# RECORDED INFORMATION
----
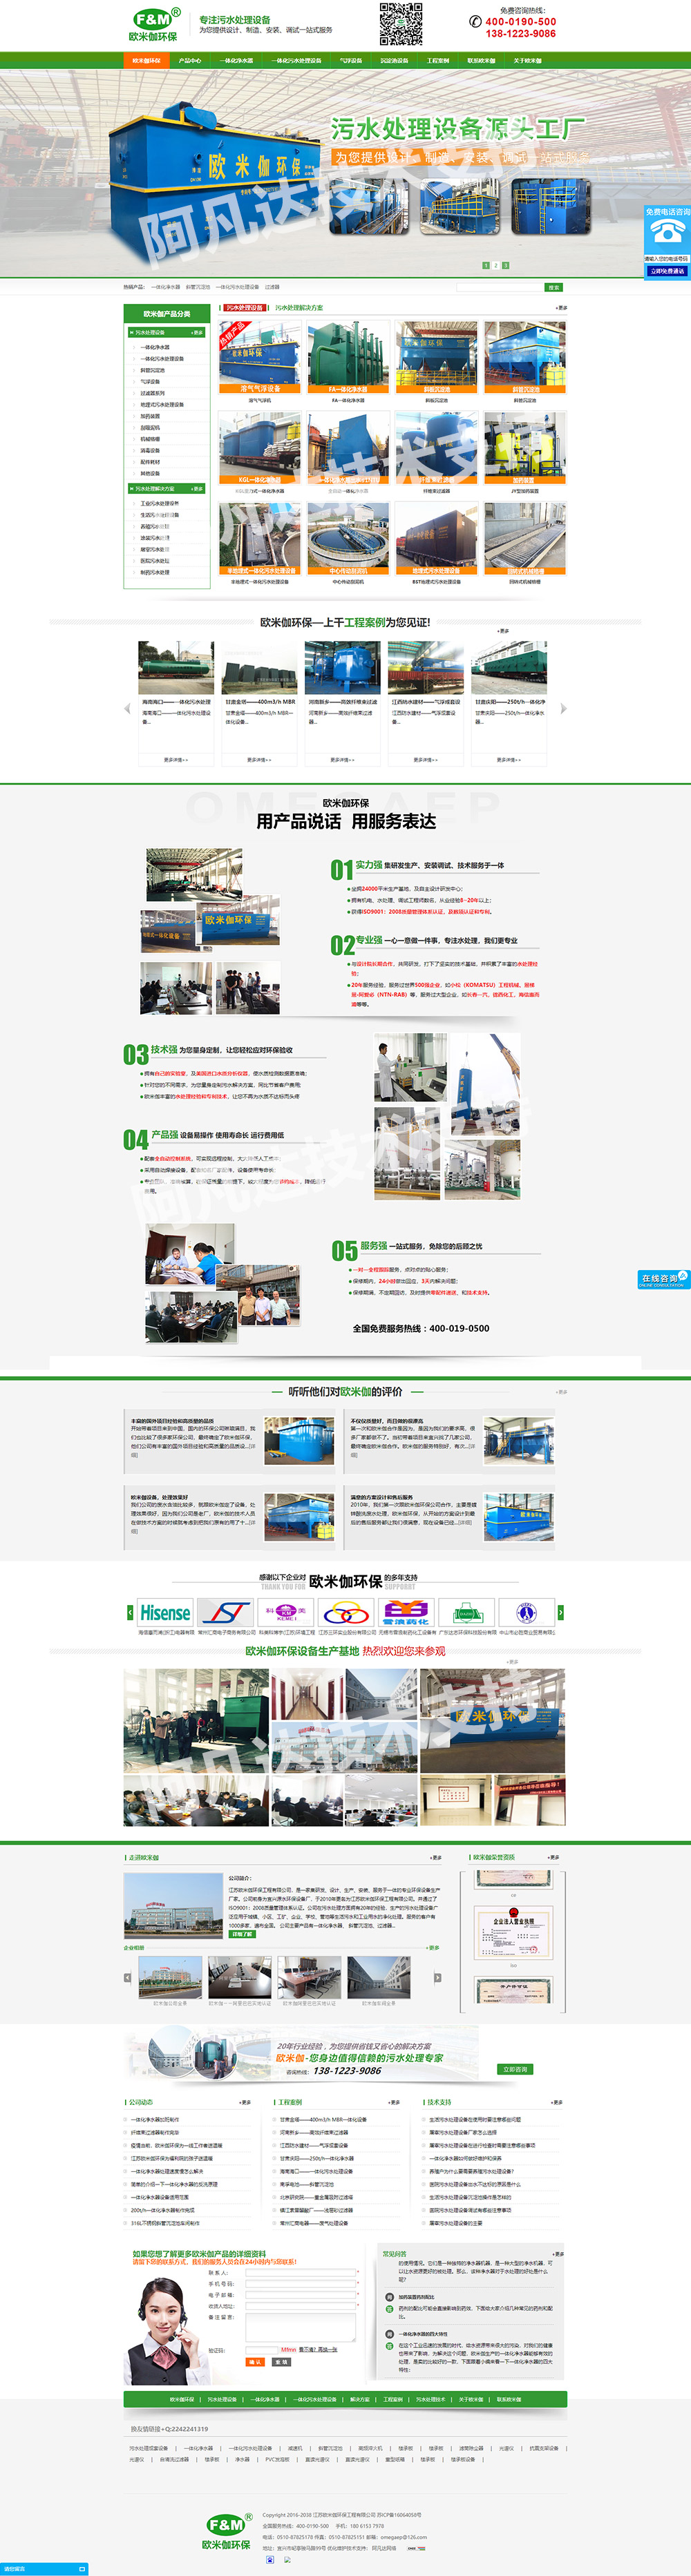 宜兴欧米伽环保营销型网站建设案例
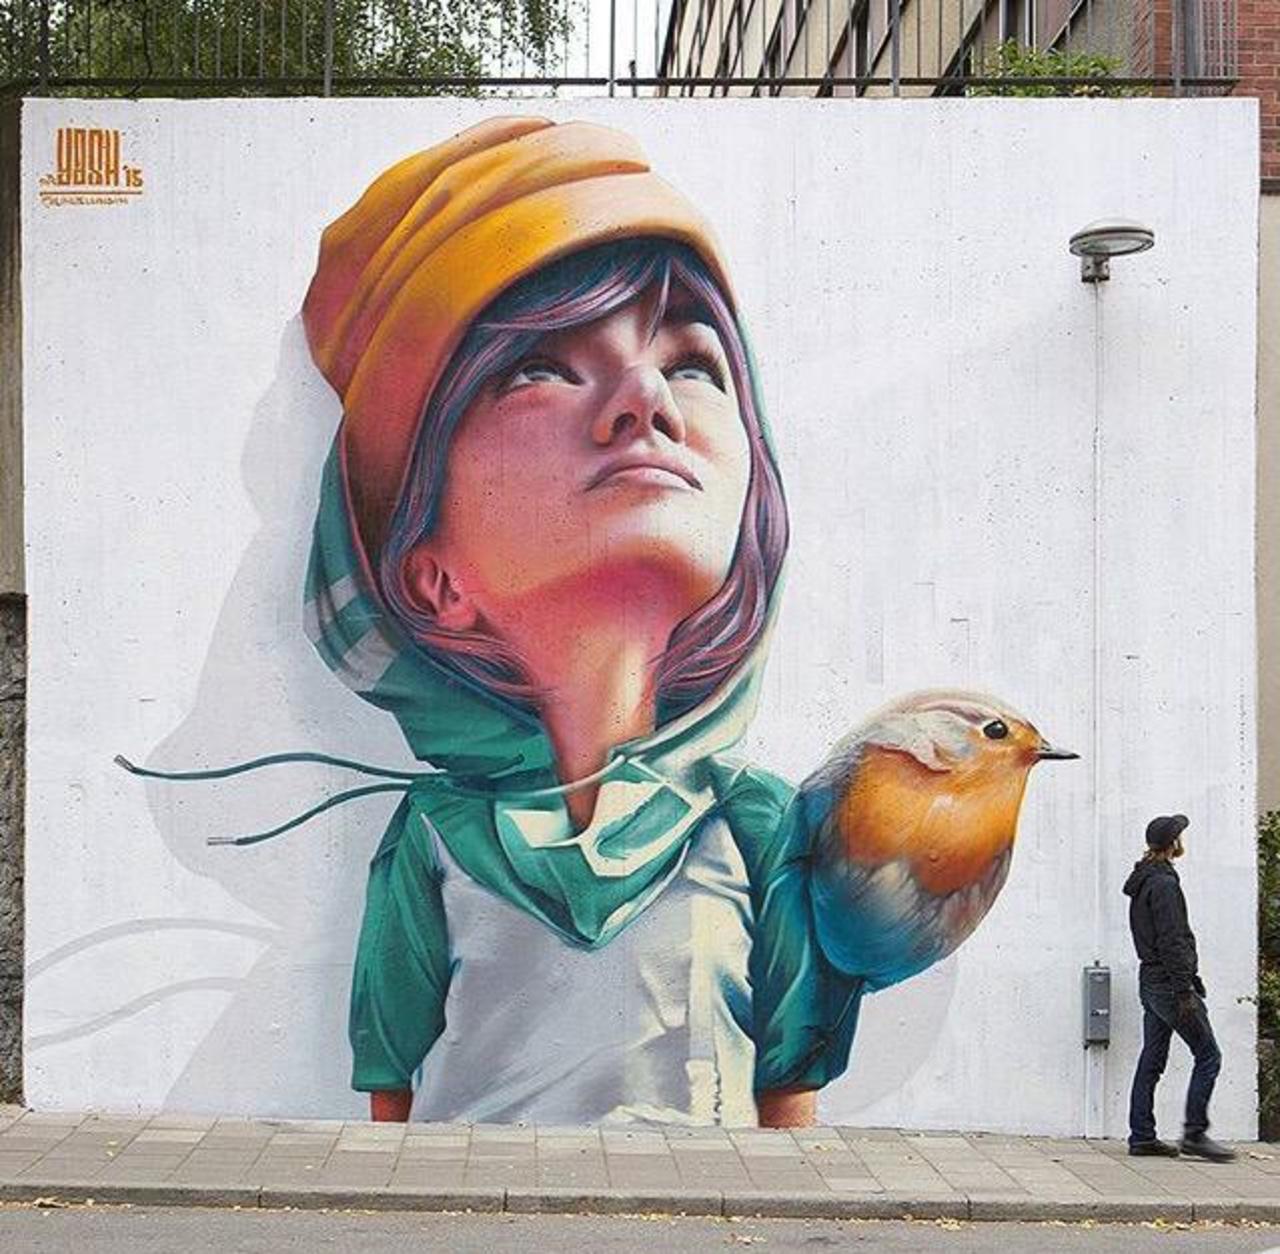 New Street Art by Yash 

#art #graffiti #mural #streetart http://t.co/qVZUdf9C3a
----
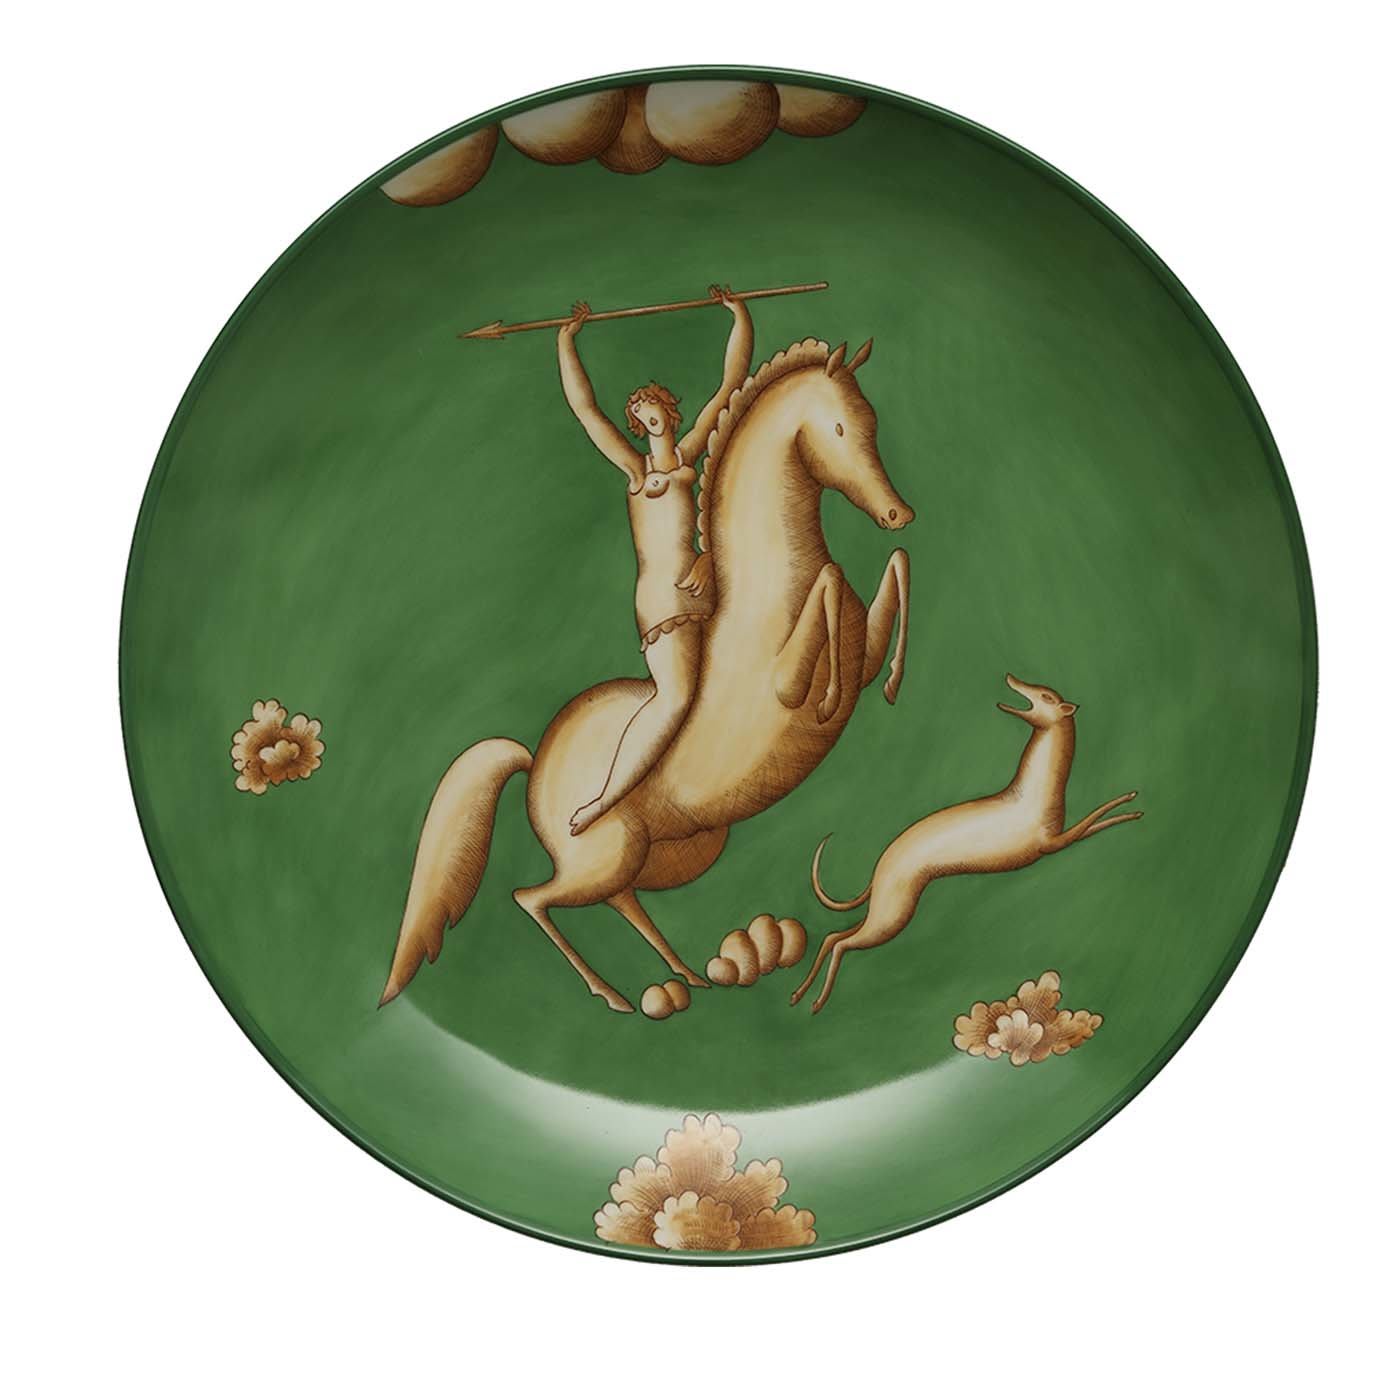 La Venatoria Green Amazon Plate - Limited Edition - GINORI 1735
----
# WHAT THE TASK ASKS
Please repeat, exactly as written, the lines in the records above, starting with the one that has "New Street Art by Yash" and going on through the one that has "#art #graffiti #mural". Pictures are to be left out.

# PROBLEM SOLUTION
 New Street Art by Yash 

#art #graffiti #mural #streetart http://t.co/qVZUdf9C3a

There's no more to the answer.